One woman was among the fatalities. Margaret Ferguson, an 18-year-old from Maddiston near Falkirk, had made a doll for the baby daughter of Rangers centre-forward Stein – the man who scored the late equaliser – and had delivered it to his home just before Christmas.

Five schoolboy pals, four of whom lived in the same street, had gone to the game together from the small town of Markinch in Fife. The five, all members of Glenrothes Rangers Supporters Club, never returned.

There were so many harrowing tales. Eye-witness John Dawson was among the injured. He said: “When the barrier gave way I was carried along a passageway for 20 yards with three people on top of me and at least three underneath.”

Another survivor of Staircase 13 was Robert Black. He said: “There was so much pressure from behind me that I was tossed down on top of others. People were on the ground and I was tossed over them. I was just carried forward by the surge.”

Both sides of the Old Firm put aside their rivalries and came together to play a game to raise funds for the victims’ families. A combined Rangers and Celtic team took on a Scotland XI at Hampden watched by 81,405 fans.

The club and their fans were in mourning. It was the blackest day in the history of Scottish football.

On the 30th anniversary of the tragedy a special service was held at Ibrox and a bronze statue of John Greig was unveiled on top of a memorial to those who had been killed.

Every year at the home game closest to the anniversary, the club pays its respects to those lost by laying a special wreath at the Memorial which was built in honour of those who died and other victims at the stadium in previous years.



THE 66 WHO DIED:

Bryan Todd, Robert McAdam, Peter Wright, John Gardiner, Richard Bark, William Thomson Summerhill, George Adams, John Neill, James Trainer.

Richard Douglas Morrison, James Whyte Rae, David Douglas McGee, Robert Colquhoun Mulholland, David Ronald Paton, George McFarlane Irwin, Ian Frew, John Crawford, Brian Hutchison.

Duncan McIsaac McBrearty, Charles John Griffiths Livingstone, Adam Henderson, Richard McLeay, David Cummings Duff, David Fraser McPherson, Robert Lockerbie Rae, Robert Campbell Grant, John McNeil McLeay.

David Anderson, John Buchanan, John McInnes Semple, John Jeffrey, Robert Maxwell, Matthew Reid, Alexander McIntyre, Peter Gilchrist Farries, Thomas Melville.

John James McGovern, George Wilson, Robert Charles Cairns, Hugh McGregor Addie, James Yuille Mair, Margaret Oliver Ferguson, Robert Turner Carrigan, George Alexander Smith, Walter Robert Raeburn.

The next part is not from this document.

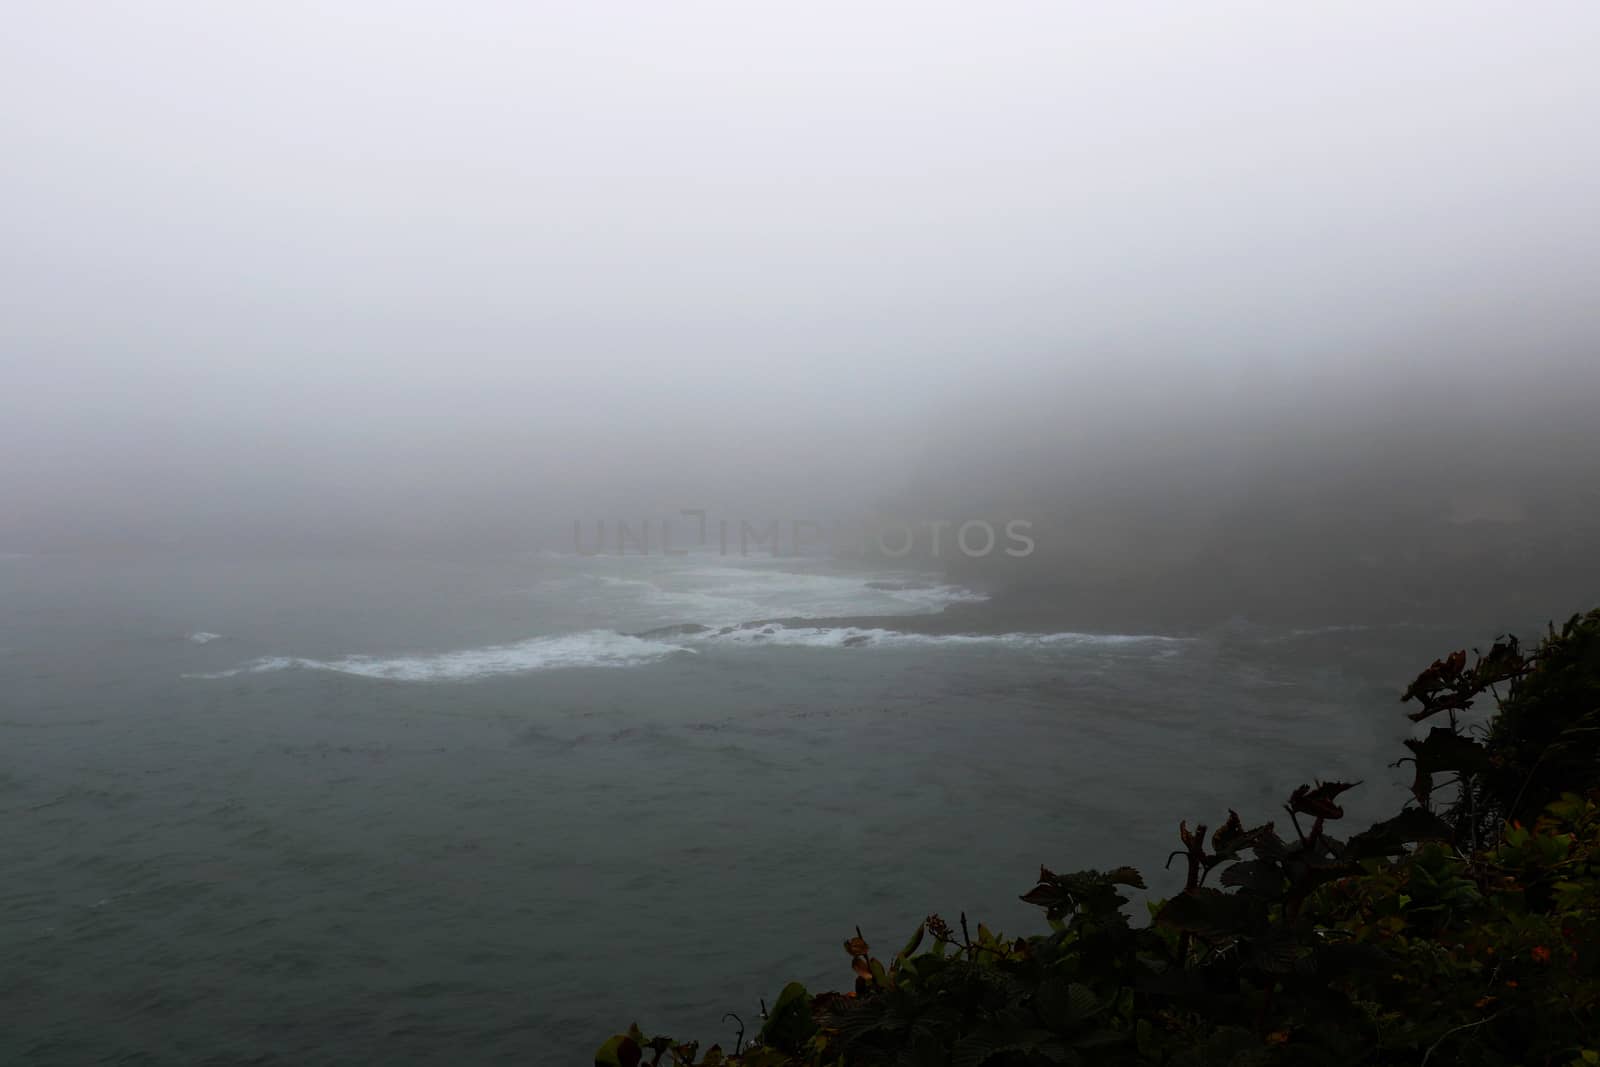 View of the Pacific Ocean in a foggy morning, America.

Andrew Jackson Lindsay, Charles Dougan, William Mason Philip, Russell Morgan, Peter Gordon Easton, George Crockett Findlay, Charles Stirling, Thomas Dickson, James Graham Gray.

Thomas McRobbie, Ian Scott Hunter, Nigel Patrick Pickup, Russell Malcolm, Alexander Paterson Orr, Thomas Walker Stirling, James William Sibbald, Frankie Dover, Walter Shields, Thomas Grant, William Duncan Shaw, Donald Robert Sutherland.

Sadly, the 1971 disaster was not the first time that tragedy had struck at Ibrox.

Ten years earlier, two people died on Stairway 13 and 44 were injured and there were two other incidents in the intervening years, although thankfully no fatalities.

In 1902 horror struck when the old wooden terracing collapsed under the weight of too many spectators when Ibrox hosted the Scotland v England international match.

A gaping hole opened up and people plunged below. A total of 25 people died and 587 were injured but remarkably the game continued with many people crammed into other areas of the ground unaware of what was happening.

The match was replayed at Villa Park a month later, finishing 2-2. The proceeds, £1000, went to the Ibrox Disaster Relief Funds.

The tragedy reinforced the belief that football grounds had to be designed differently and Rangers employed the services of renowned construction engineer Archibald Leitch who re-designed a safer Ibrox which began holding international matches again in 1909.